Was he going to provide support for the improved research and emergency response that has been committed to this plan? No, that didn’t come up. How about, perhaps, support for the polluter-pay model, which was absolutely essential to make sure that this goes forward? No, he didn’t bring that up. Or perhaps using new radar navigation systems to ensure ship safety not just for those moving petroleum products but all ships on the coast. Maybe that was what the compliment was going to be, but I didn’t hear about that defending our coast. Or perhaps it was upgrading the Coast Guard station that is actually in the member’s riding, that our Premier supported and the federal government supported because they realized how important it was. But no, that didn’t come up as well.

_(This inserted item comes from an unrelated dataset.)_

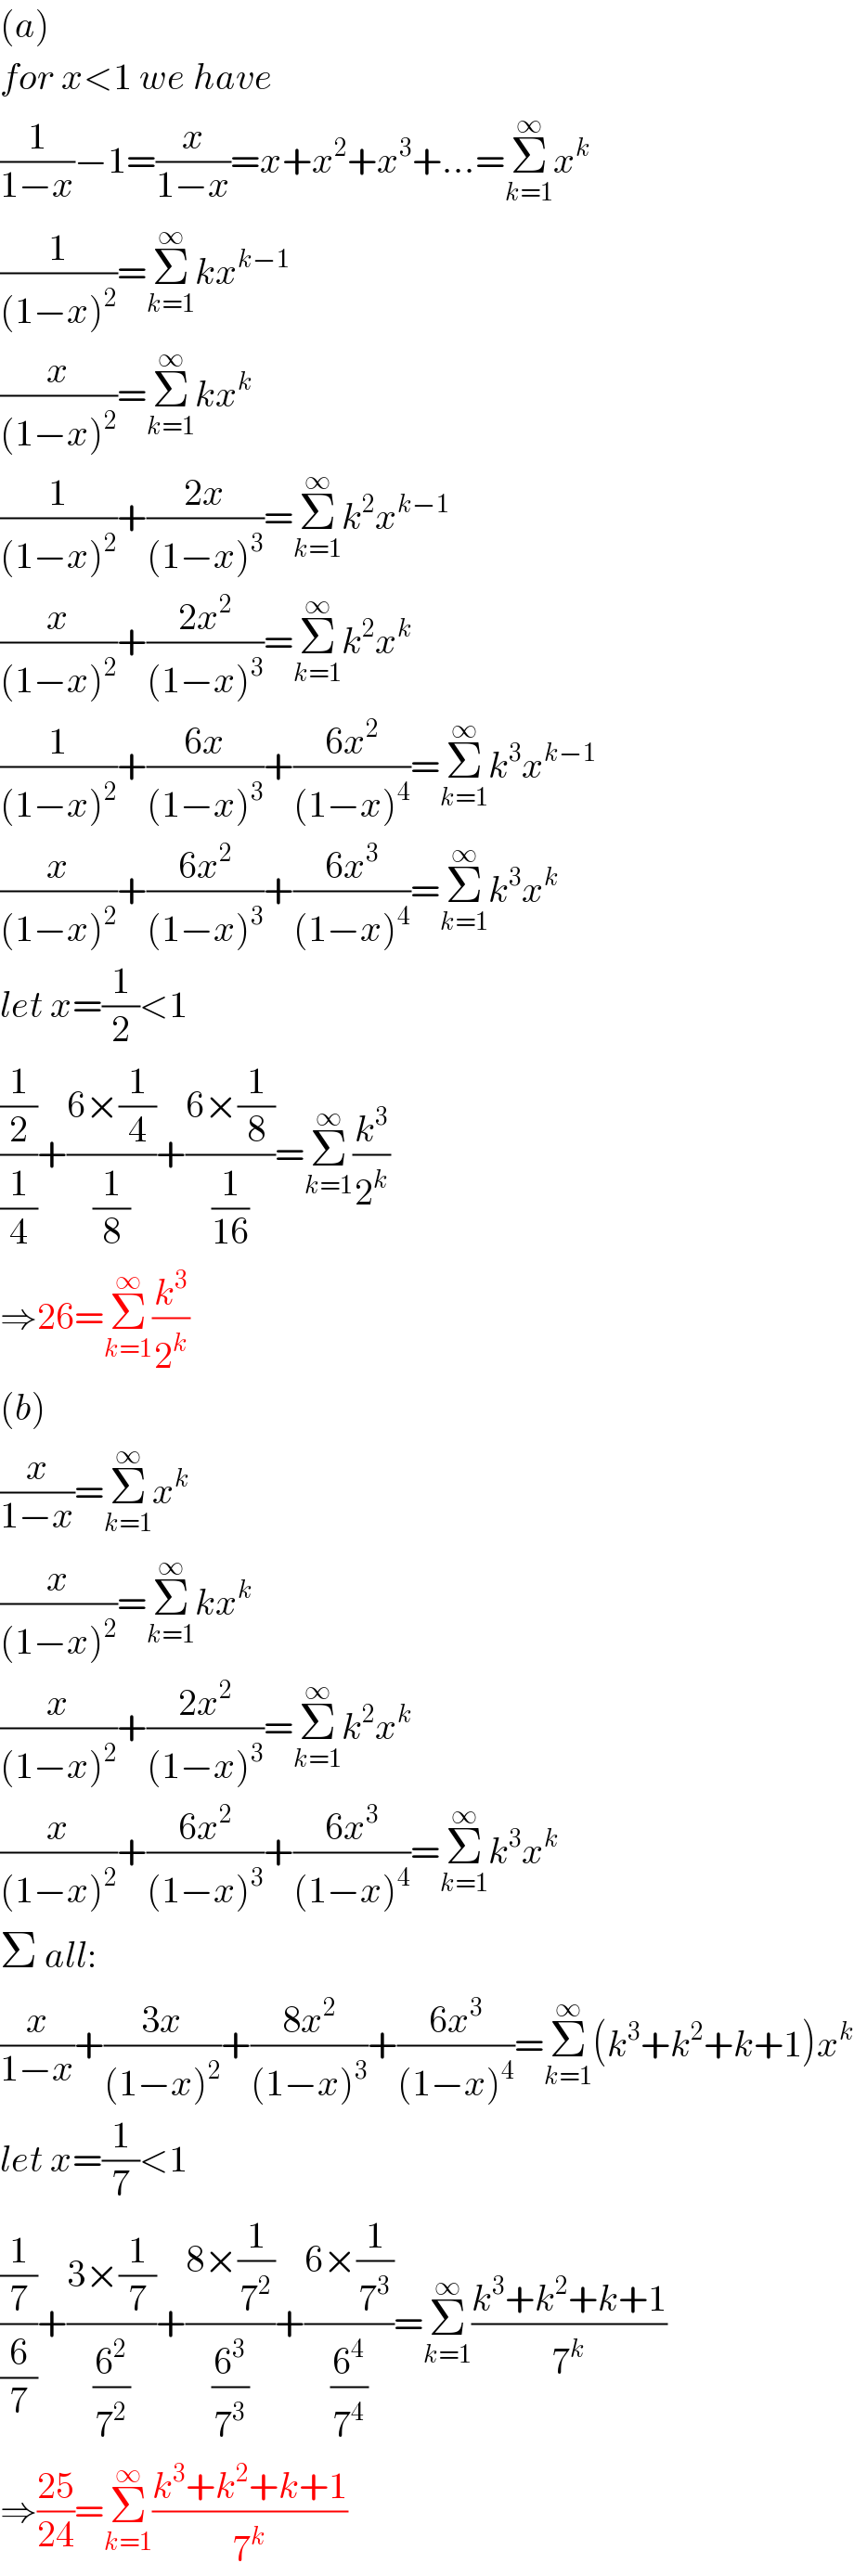 (a)  for x<1 we have  (1/(1−x))−1=(x/(1−x))=x+x^2 +x^3 +...=Σ_(k=1) ^∞ x^k   (1/((1−x)^2 ))=Σ_(k=1) ^∞ kx^(k−1)   (x/((1−x)^2 ))=Σ_(k=1) ^∞ kx^k   (1/((1−x)^2 ))+((2x)/((1−x)^3 ))=Σ_(k=1) ^∞ k^2 x^(k−1)   (x/((1−x)^2 ))+((2x^2 )/((1−x)^3 ))=Σ_(k=1) ^∞ k^2 x^k   (1/((1−x)^2 ))+((6x)/((1−x)^3 ))+((6x^2 )/((1−x)^4 ))=Σ_(k=1) ^∞ k^3 x^(k−1)   (x/((1−x)^2 ))+((6x^2 )/((1−x)^3 ))+((6x^3 )/((1−x)^4 ))=Σ_(k=1) ^∞ k^3 x^k   let x=(1/2)<1  ((1/2)/(1/4))+((6×(1/4))/(1/8))+((6×(1/8))/(1/(16)))=Σ_(k=1) ^∞ (k^3 /2^k )  ⇒26=Σ_(k=1) ^∞ (k^3 /2^k )  (b)  (x/(1−x))=Σ_(k=1) ^∞ x^k   (x/((1−x)^2 ))=Σ_(k=1) ^∞ kx^k   (x/((1−x)^2 ))+((2x^2 )/((1−x)^3 ))=Σ_(k=1) ^∞ k^2 x^k   (x/((1−x)^2 ))+((6x^2 )/((1−x)^3 ))+((6x^3 )/((1−x)^4 ))=Σ_(k=1) ^∞ k^3 x^k   Σ all:  (x/(1−x))+((3x)/((1−x)^2 ))+((8x^2 )/((1−x)^3 ))+((6x^3 )/((1−x)^4 ))=Σ_(k=1) ^∞ (k^3 +k^2 +k+1)x^k   let x=(1/7)<1  ((1/7)/(6/7))+((3×(1/7))/(6^2 /7^2 ))+((8×(1/7^2 ))/(6^3 /7^3 ))+((6×(1/7^3 ))/(6^4 /7^4 ))=Σ_(k=1) ^∞ ((k^3 +k^2 +k+1)/7^k )  ⇒((25)/(24))=Σ_(k=1) ^∞ ((k^3 +k^2 +k+1)/7^k )

I know that the member opposite, who has lived a long time in British Columbia, does know that petroleum products have been moving to our coast and from our coast for over a hundred years. When they use the word sevenfold…. Yes, that sounds horrible, but they also don’t actually acknowledge right now that seven ships a month are leaving the Lower Mainland with petroleum product, and this would increase to about 30 at the maximum, going forward. But sevenfold sounds much more politically expedient.
We are moving ships more and more in British Columbia than ever. In fact, if you fly into Vancouver, you can look over to Nanaimo and see cargo ships in Nanaimo Harbour waiting to go to Vancouver. If you fly into Victoria, you can see ships waiting in our harbour, not to unload in Victoria but to get to Vancouver docks and harbours to make sure they unload and take product off there.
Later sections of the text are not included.